Já na primeira leitura constata-se que Roa Bastos tenta restabelecer o verdadeiro sentido
das palavras "tirano" e "ditador" (tirano, no sentido clássico, significa "aquele que sob
pretexto de progresso, bem-estar e prosperidade de seus governados, substitui o culto do
povo pelo de sua própria pessoa". E ditador, "aquele que dita a seu escriba suas
reflexões sobre seus decretos e sobre sua política").
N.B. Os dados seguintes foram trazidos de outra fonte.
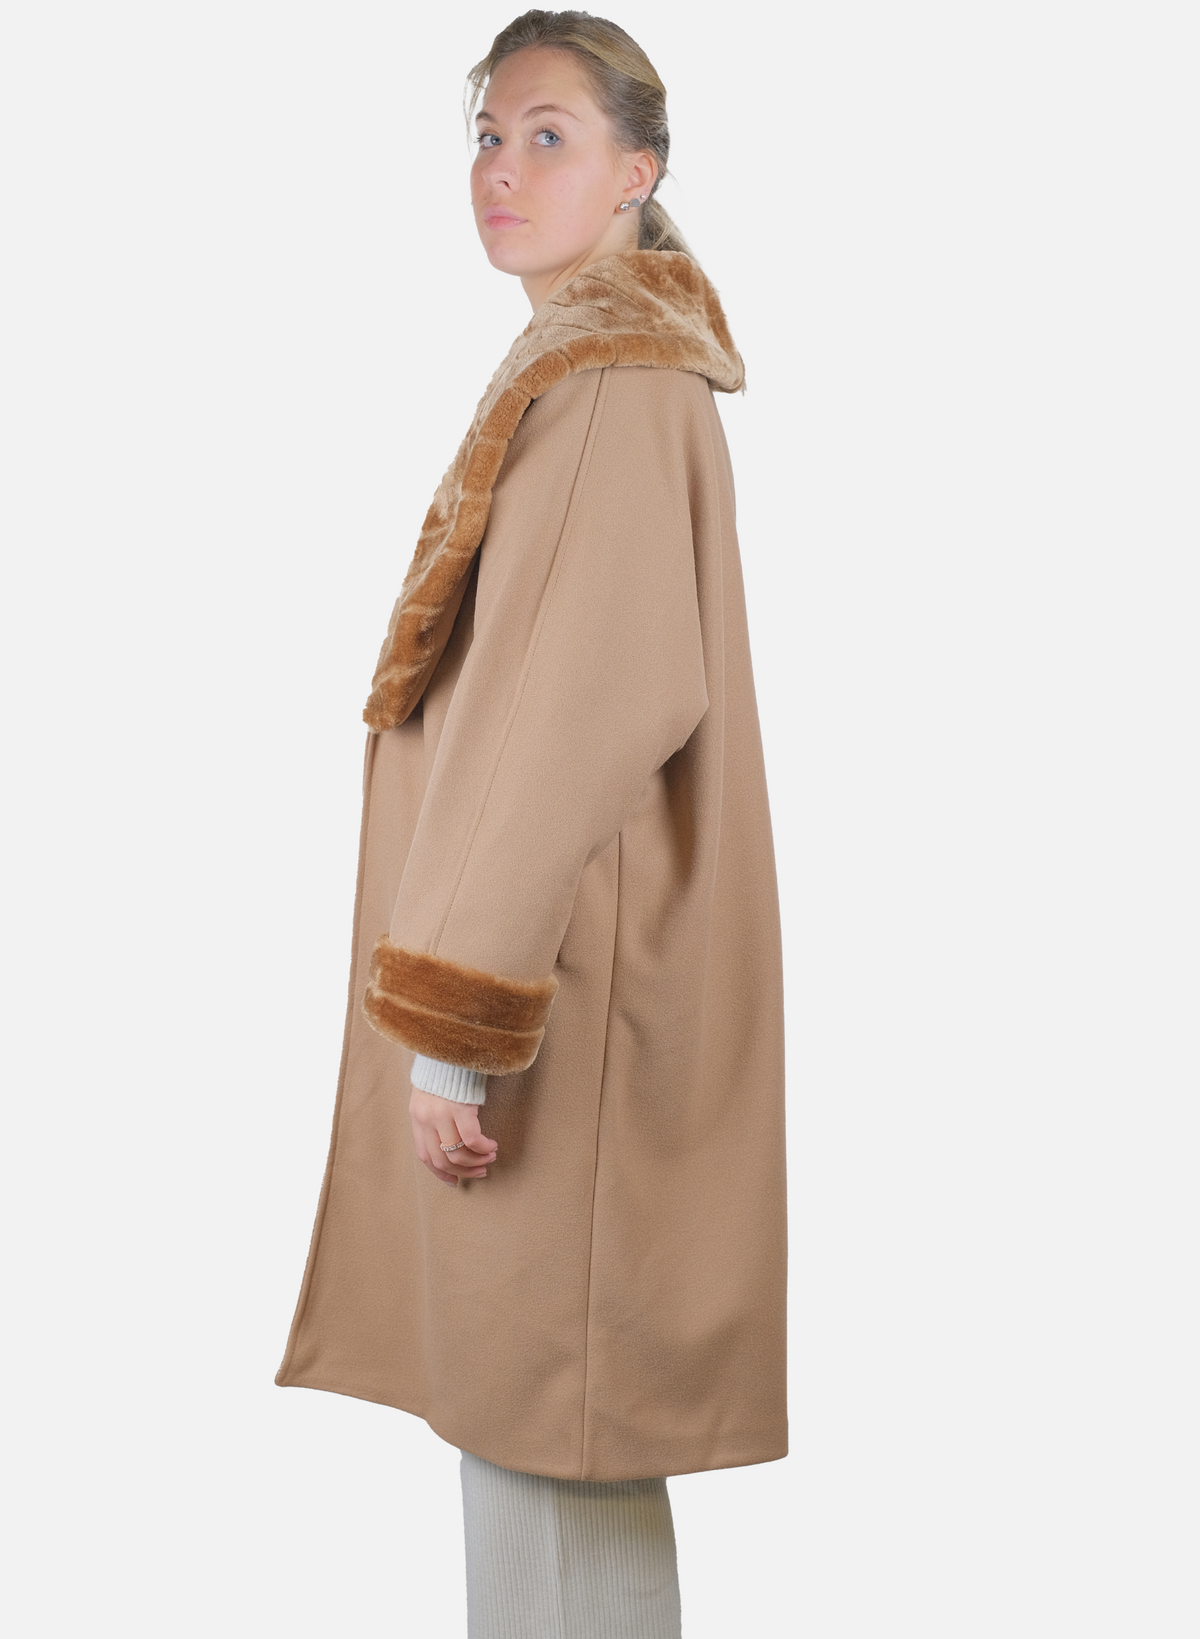 Manteau Femme Classique Avec Empiècements En Fourrure Synthétique

A mesma pergunta foi feita por Gabriel García Márquez em O Outono do Patriarca
(1975) e, em ambos os casos, a resposta é a metáfora da decadência física do Supremo,
ou do Patriarca, que acompanha o declínio de seu mandato. "Meu corpo cresce, incha;
agita-se na água racial que meus inimigos tentavam conter com grilhões."
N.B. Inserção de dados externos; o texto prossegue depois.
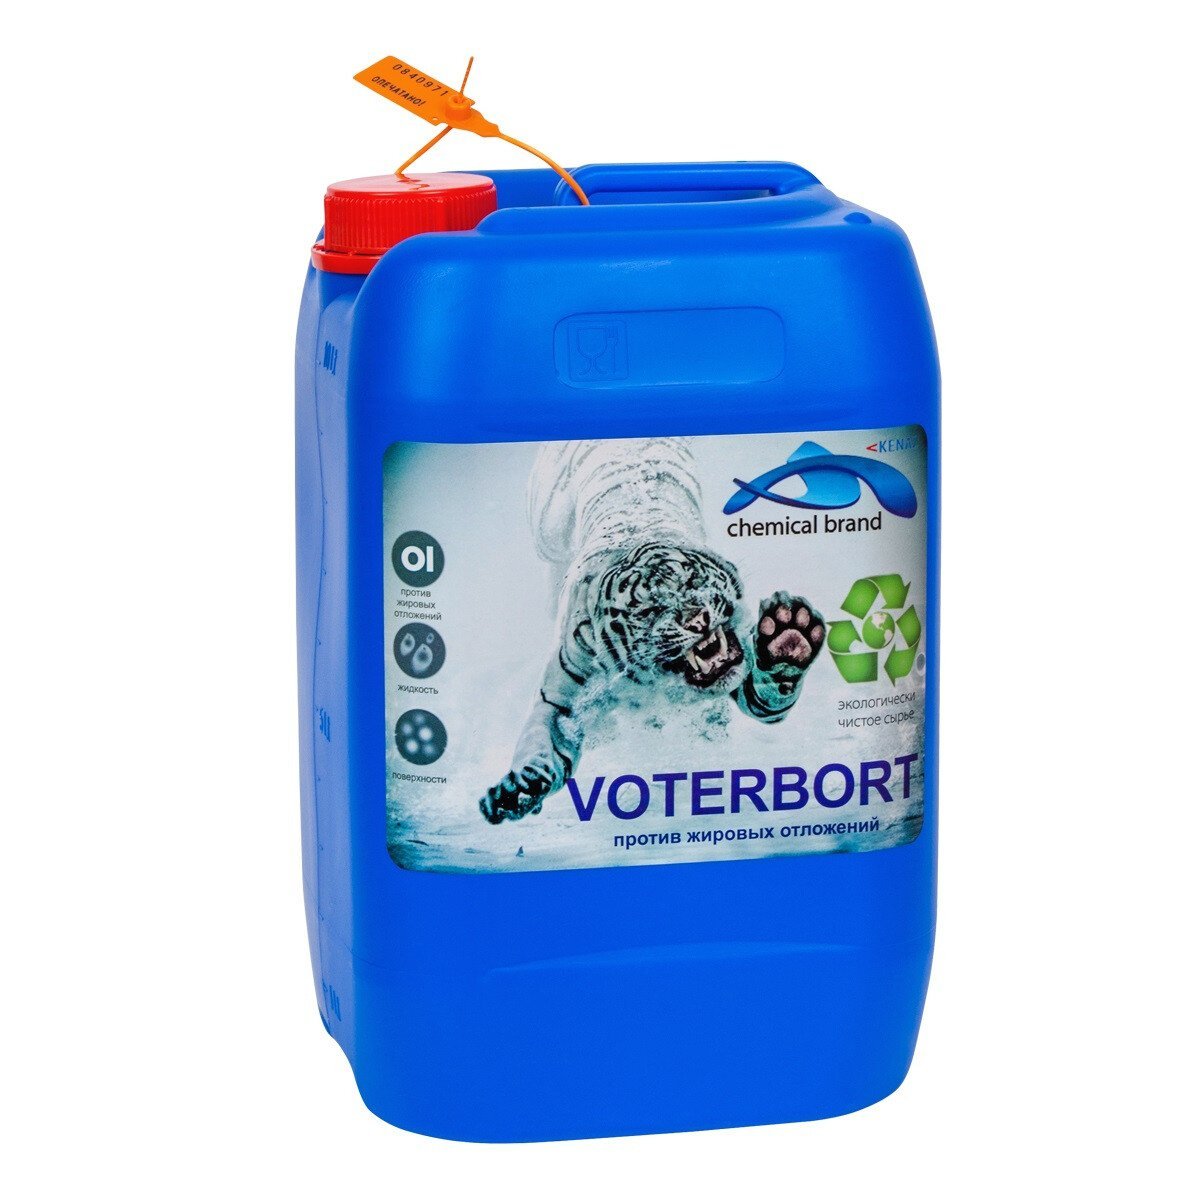 Жидкое средство для очистки ватерлинии Kenaz Voterbort 0.8л - 5л.

Em O Recurso do Método (1974), Alejo Carpentier analisou, como nos dois romances
precedentes, o discurso do autocrata, embora com intenção e técnica diferentes. As
primeiras páginas de Recurso descrevem a incerteza do déspota que, de manhãzinha,
não consegue distinguir sonho e realidade. Essa é a tese do romance: a instabilidade do
país é produto das ilusões provocadas e sofridas pelo próprio ditador. Esse personagem
é, então, um dos mitos da América Latina no qual estão refletidos todos os conflitos
históricos, sociais ou culturais do hemisfério, "uma história que se repete, morde a
própria cauda, devora-se, imobiliza-se a cada vez".
(Trad.: Teresa Van Acker)
1 - A Festa do Bode, de Mario Vargas Llosa, São Paulo, ed. Mandarim, 2000.